Does ‘Sustainable Fashion’ Really Mean Anything? – The Wall Street Journal
“Sustainability” was the buzziest buzzword in the air during last week’s edition of Pitti Uomo, the world’s largest men’s fashion trade show, in Florence, Italy. As I navigated countless rows of designers’ booths, those pitching the clothes hurled the word at me again and again in reference to pieces that otherwise had no similarity. At Woolrich, the 189-year-old Italian-based outerwear brand, it was applied to the development of hood linings made of corn, in faux-fur form. At Far Afield, a British outfit, the word described a jolly pair of citrus-patterned swim trunks constructed from recycled water bottles. The word cropped up again at a Spanish label called IOweYou, my favorite discovery of the fair, which was peddling handsome sport coats and trousers in naturally dyed organic Indian cotton.
“Step up! The earth needs you!” read a pamphlet that Kavita Parmar, founder of I Owe You, handed me. The message could easily have been the slogan of the entire fair. While these brands aren’t about to save the planet by offering organic-cotton pants, the gesture might assuage some consumers’ eco-guilt. That seems to be the hope.
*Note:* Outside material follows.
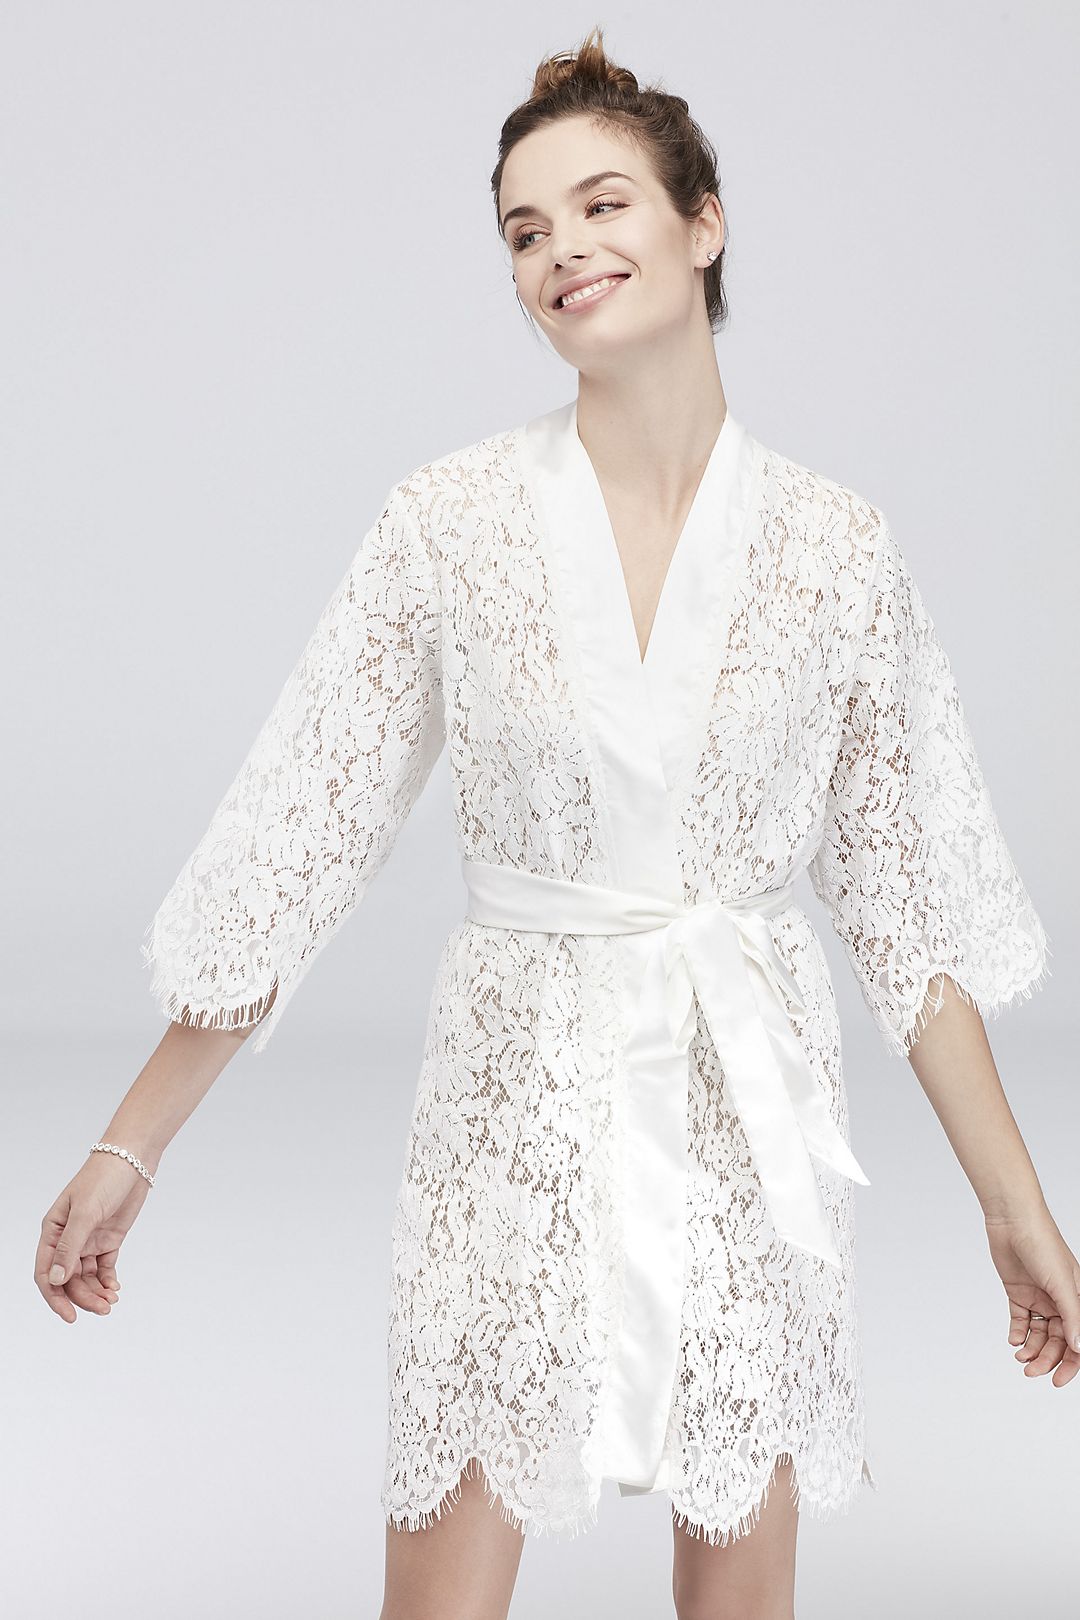 White Bridal Lace Robe Image

The Environmental Protection Agency estimates that 10.5 million tons of textiles wound up in landfills in 2015, the last year for which it collected data. While fashion labels have used Pitti Uomo as a forum to flaunt new designs for 47 years, pumping new clothes into a world overflowing with trashed textiles can feel a bit obscene. “Because of the dominance of fast fashion and other aspects of the world we live in, there has been a huge uptick in the amount of product that’s being produced,” said Josh Peskowitz, the VP of men’s fashion at web-retailer Moda Operandi. Brands, he added, especially high-end ones, are looking for ways to deal with that glut: “It is a natural reaction.”
At Pitti, labels seemed to be vying to out-eco each other in the race to be green. In the three days I spent at the fair, however, it became clear that sustainability is a squishy concept judging from the diverse range of products making the claim—from recycled cashmere sweaters to upcycled jackets to natural fiber bags. Unlike the USDA, which bestows its “USDA Certified Organic” label judiciously, no governing body monitors “sustainability” and no brand I spoke with could cite data about the measurable environmental impact of its so-called sustainable items.
And to turn briefly to aesthetics, I found that some of these eco-efforts made poor substitutes for more conventional designs. Take a pair of raffia lace-up dress shoes I ran across. They appeared to be made of hay. They were homely. Other things being equal, I think I’d rather stick to their leather cousins. Said Mr. Peskowitz of such dubious products: Even if a piece is sustainable, “if it’s wack…people probably aren’t going to buy it.” In other cases, however, the sustainability surge is catalyzing creativity. Here are a few of the more successful putatively eco-friendly experiments I encountered at the fair:
Herno, a 71-year-old Italian outerwear label, is using farmable foodstuffs like olives, grapes and onions to dye jackets green, purple and yellow, respectively. Fifty percent of the produce that is used to create the dyes for each jacket can be replanted, creating what CEO Claudio Marenzi called a “circular economy.” Most of the technical outerwear on offer at Pitti Uomo, by contrast, gets its color from factory-made synthetic dyes. What’s more, Herno fabricates these jackets from 84% recycled nylon.
“We are all about transformation, not production,” said Maurizio Donadi, the co-founder of Atelier & Repairs, a Los Angeles-based brand that upcycles battered military gear into poppy patchworked pants and jackets that are one-of-a-kind. In its latest use-what-already-exists effort, the brand partnered with Dockers, the 33-year-old khaki kingpin, to recut and reinterpret overstocked chinos—normally delegated to the dump or a discount dealer like TJ Maxx. Tan traditionalists beware: These are exaggerated reincarnations. Some of the pieces are cut wide, for maximum flair; others feature functional patches (one accommodates an AirPod case); and some have a light blue stripe running down the side like a chino version of tuxedo pants.
Gonz Ferrero was particularly proud of how quiet his jacket is. The CEO of Klättermusen, a 44-year-old Swedish outdoor label (the name means “climbing mouse”), grabbed a black cotton coat off the rack and rubbed it together. This barely produced a sound—nothing close to the crinkle of synthetic windbreakers. The jacket represented Klättermusen’s answer to slick Gore-Tex, a plastic-coated material that has ruled outdoor gear since its advent in 1969. Waterproof Gore-Tex, as the company’s slogan says, is “guaranteed to keep you dry.” Yet plastics add pollutants to the air and cannot organically break down. Klättermusen’s jacket, developed with a Japanese textile mill, resists wind and rain but is entirely fabricated from naturally replenishing cotton. It is convincingly sustainable, but many customers will likely just be happy to have a windbreaker that won’t swish-swish with each move they make.